Классическая генетика утверждала, что все свойства организма, вся совокупность его фенотипов[2] (внешности, особенностей метаболизма и поведения) зависят от уникального набора генов, доставшихся от родителей.
Также утверждалось, что гены «незыблемы», а мутации, которые возникают в геноме (совокупности генов), случайные и ненаправленные (непредсказуемые).
Центральная догма в биологии о том, что гены рулят всем, что наша жизнь предопределена, а СМИ взрывались сенсационными заголовками – «найден ген самоубийц!», как пример, существовала ровно до окончания проекта «Геном человека». Хотя некоторые эксперименты с клетками говорили о другом. Например, энуклеация. В биологии (не в медицине) этот термин означает извлечение из клетки ядра, в котором сосредоточен весь генетический материал (у клеток, имеющих ядра). По логике центральной догмы без генетического материала клетке надо бы умереть? Ничего подобного, существует и в ус не дует еще несколько десятков дней. Не умеет размножаться, ибо нечем, но живехонька. Засомневаться бы ученым в ведущей роли генов, пересмотреть догму! Но не сложилось, как нельзя было усомниться в руководящей роли КПСС в застойные годы.

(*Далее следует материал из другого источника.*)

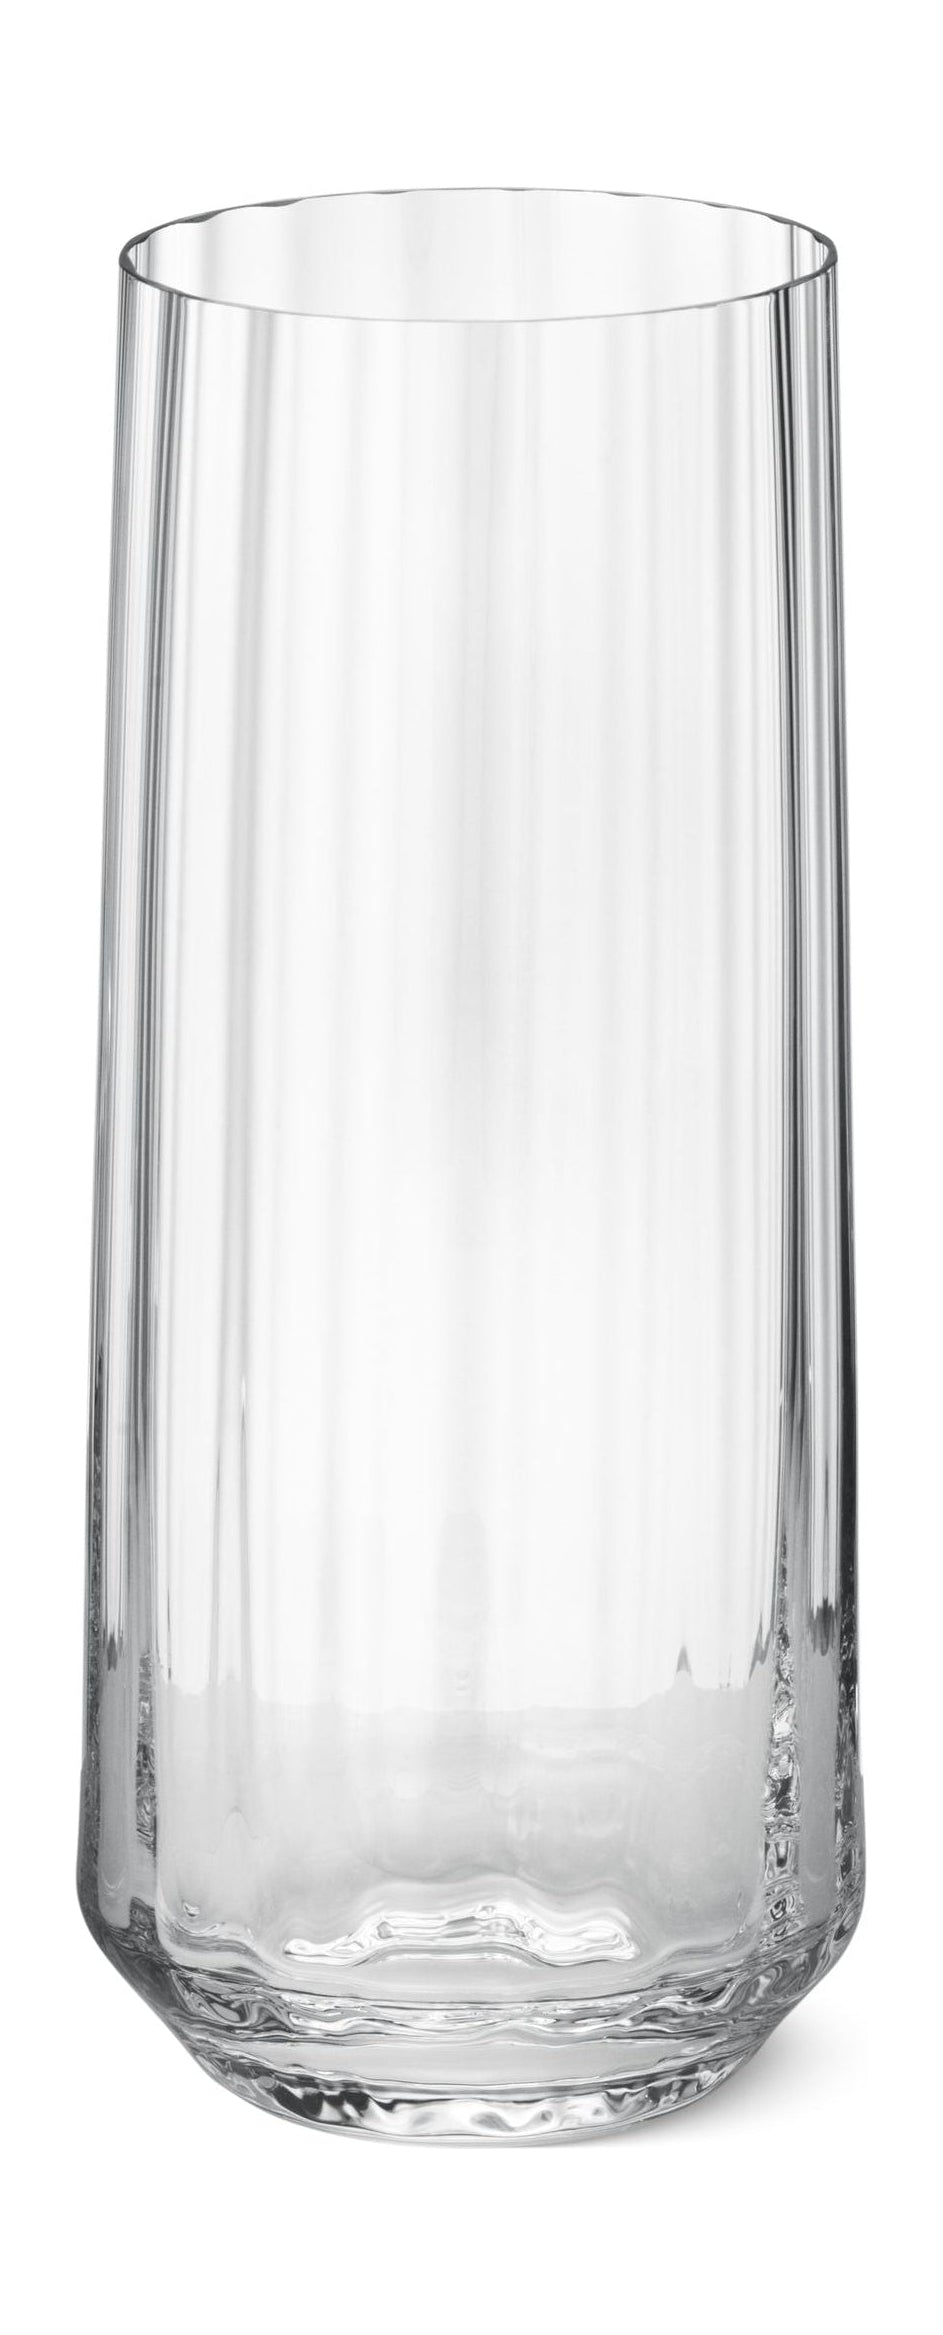 Georg Jensen Bernadotte Highball Glass 45 Cl 6 Pcs.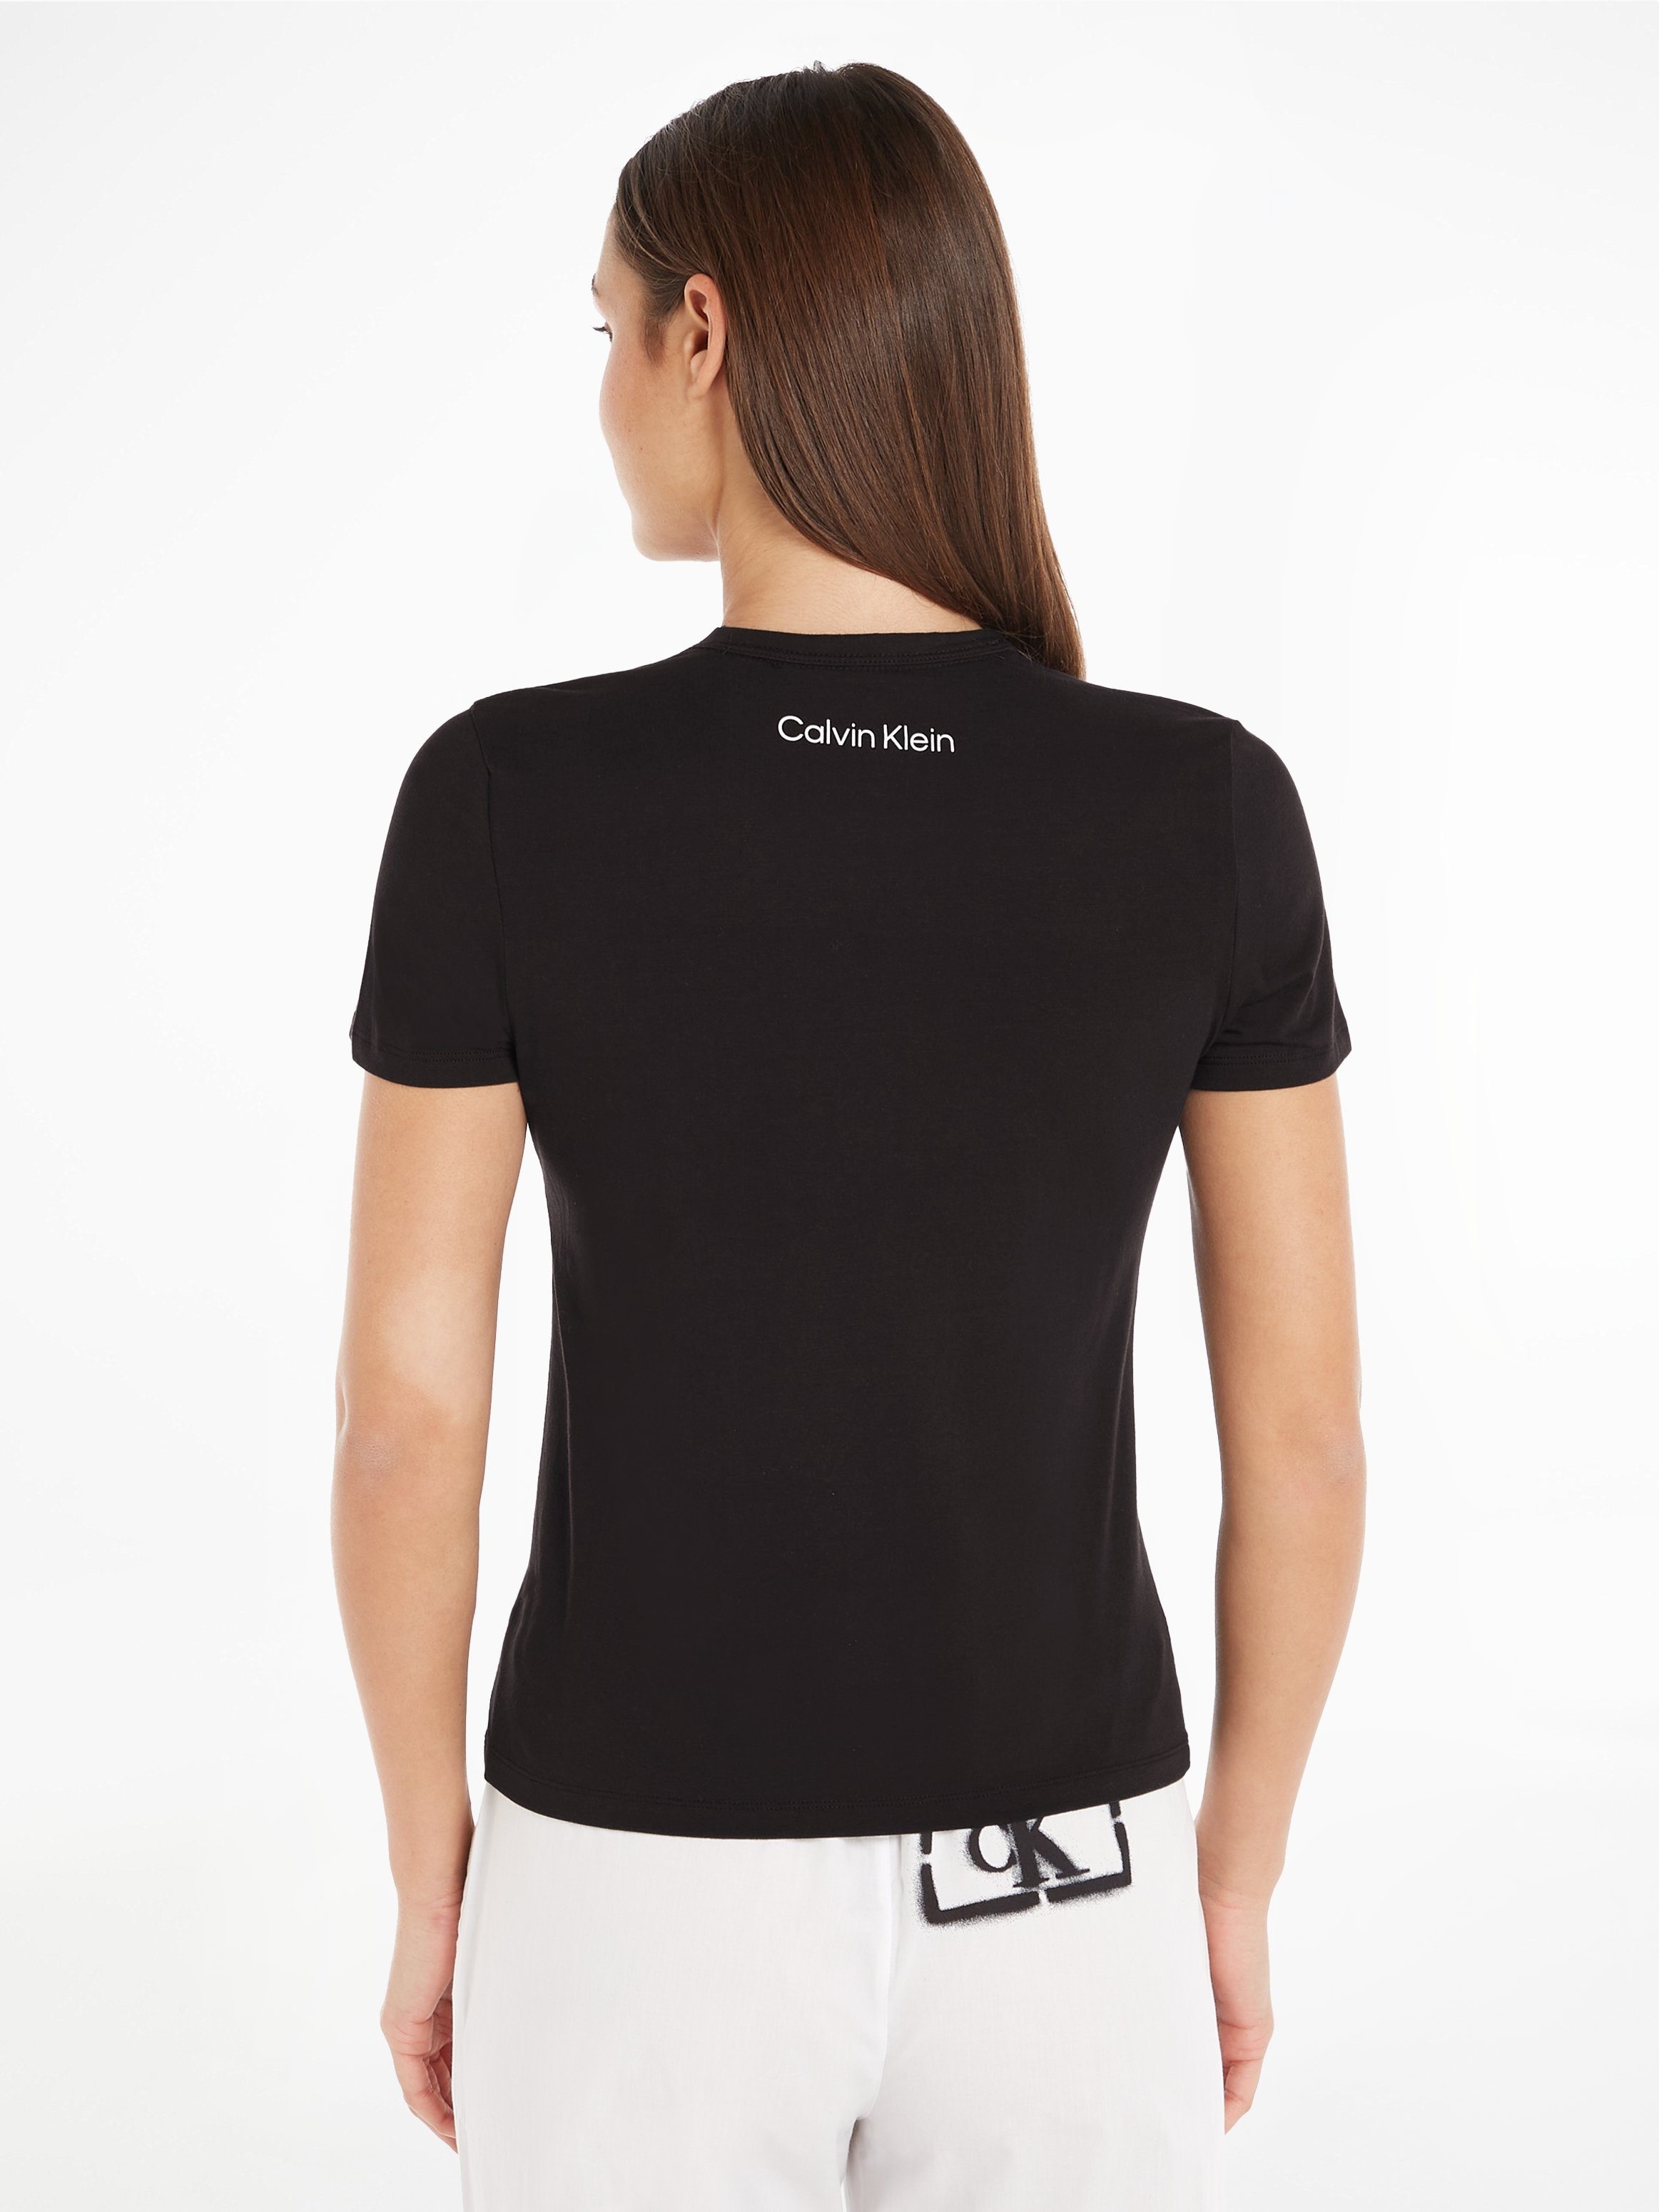 CREW BLACK S/S Kurzarmshirt Calvin Klein NECK Underwear

После окончания проекта «Геном человека» многое из того, что касалось генов, зазвучало по-другому. Оказалось, что генов у человека не так уж много, не 50–100 тысяч, как считалось раньше, а, по разным оценкам, от 18 до 30 тысяч. Но горевать о таком малом количестве не следует, так как один ген может вырабатывать много разных белков в зависимости от того, какие сигналы он получит от окружающей его среды. Да и известных белков к тому моменту стало гораздо больше, чем 100 тысяч. Не каждый ген умеет вырабатывать белки, некоторые выполняют другие функции.
Термин «эпигенетический» существует давно. Буквально он обозначает «над, поверх генетики, наследственности». Этим термином ученые пользовались не только в биологии, но и в психологии. Наиболее известное применение этого термина было дано в 1947 г. эмбриологом Конрадом Уоддингтоном, который объяснил, каким образом организм в процессе эмбрионального развития формирует разные клетки. У человека существует примерно 250–270 типов клеток (клетки мозга, печени, легких, кожи, почек и мн. др.), которые различаются по внешнему виду, функционированию, типу метаболизма. Когда-то все эти клетки появились из зиготы, которая образовалась из слияния гамет – отцовского сперматозоида и материнской яйцеклетки.
Рис. 1. «Хвостатые» сперматозоиды (гамета) пытаются проникнуть в круглую яйцеклетку (гамета) (слева). Справа зигота —оплодотворенная сперматозоидом яйцеклетка
Почему клетки, появившиеся из зиготы, становятся разными? Потому что существуют эпигенетические механизмы, которые при помощи наборов транскрибируемых генов определяют, какими быть будущим клеткам при делении, также они дают инструкции каждому виду клеток – уровень активности деятельности этих клеток, который они должны поддерживать, пока существуют. Далее, во время размножения организма при формировании гамет (половых клеток) эпигенетический статус генома должен быть стерт и далее с чистого листа вновь сформироваться после оплодотворения, иначе наступит так называемый эпигенетический коллапс.
Метафорично объяснить этот процесс можно используя пример с одеждой. Каждое утро аккуратный человек, собираясь на работу, надевает на тело (в нашем примере тело – это нуклеотид) белье и одежду (метки), а вечером, приходя с работы, их снимает. Утром процесс повторяется. Так же и эпигенетические метки «снимаются», когда формируется восьмиклеточный зародыш – бластоциста, а при имплантации бластоцисты в матку метки опять «надеваются» (как белье и одежда с утра). Это достаточно хорошо известный факт.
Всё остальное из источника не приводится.